Gene tagging in Trypanosoma cruzi.

CANTALUPI, MARISOL; PERUGORIA, GONZALO; BOUVIER, LEÓN A.; NIEMIROWICZ, GABRIELA T.

La Plata

Congreso; XXXIV Reunión Anual de la Sociedad Argentina de Protozoología; 2023

Sociedad Argentina de Protozoología

Genome editing techniques are essential to understand different biological and cellular processes. Historically, genetic manipulation of Trypanosoma cruzi has been challenging compared to other pathogenic protozoans.Nowadays, most gene tagging strategies available rely on vectors that overexpress the protein of interest or on CRISPR/Cas9-based gene insertion methodologies. Both these options demand considerable time and technical expertise. Additionally, the use of pre-established T. cruzi cell lines are occasionally essential. To overcome these limitations, we devised a simple PCR-based strategy to target different chromosomal loci for the insertion of different epitope tags. To test this approach, we constructed a series of template plasmids that carry the mEGFP reporter and the neomycin or the blasticidin S resistance genes. These DNA segments were spliced by overlap extension PCR into a single molecule with homologous sections derived from the targeted gene, producing C-terminal fusions. To investigate the performance of this method, we generate an epimastigote cell line that constitutively expresses the mCherry fluorescent protein using the pROCK vector. This gene was interrupted with the mEGFP sequence employing genetic constructs with different recombination length.

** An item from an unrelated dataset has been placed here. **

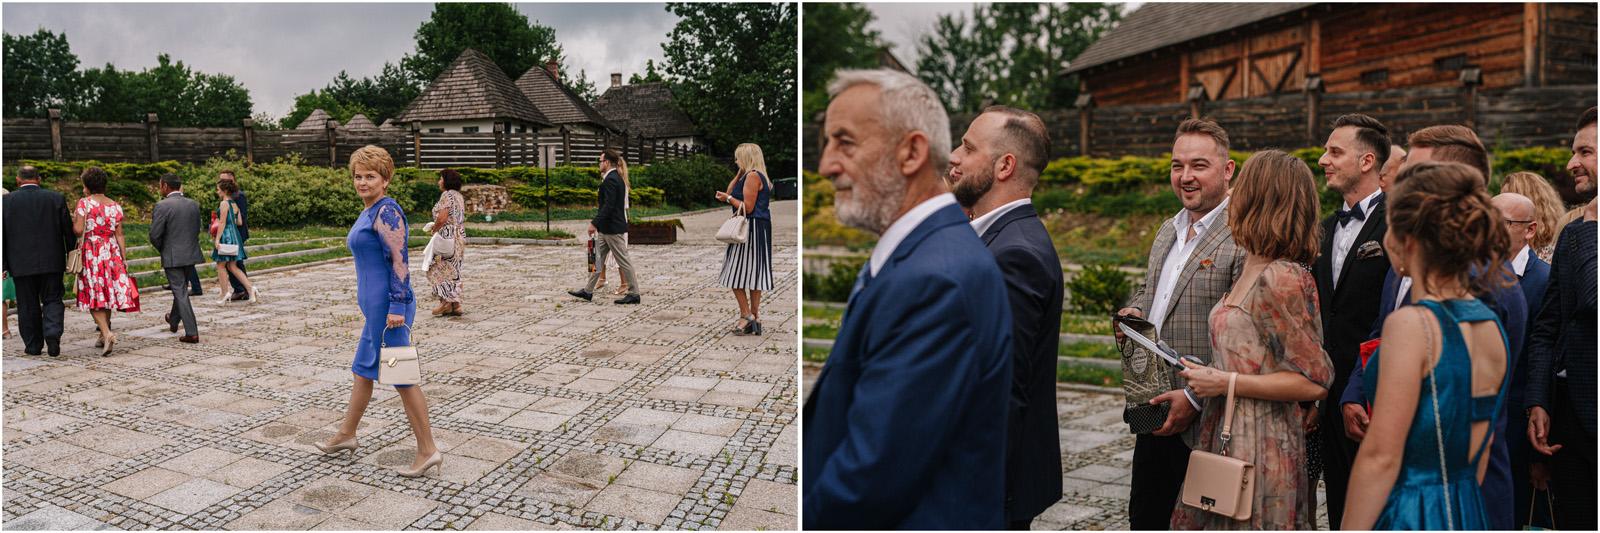 Kasia & Damian   ślub plenerowy w Kuźni Smaków i sesja w skansenie 41

Using this strategy, after four weeks of selection, approximately 95% of the transgenic epimastigote population lost the expression of the mCherry protein. Cloned cell lines analysis by PCR followed by DNA sequencing indicated that the constructs had accurately integrated into the mCherry locus. Moreover, we were able to detect mEGFP protein expression by Western blot and flow cytometry analysis. In contrast to much more complex approaches, the strategies presented herein only require elemental and broadly available molecular biology techniques and constitute a cost and time-efficient alternative for the endogenous labeling of genes in T. cruzi.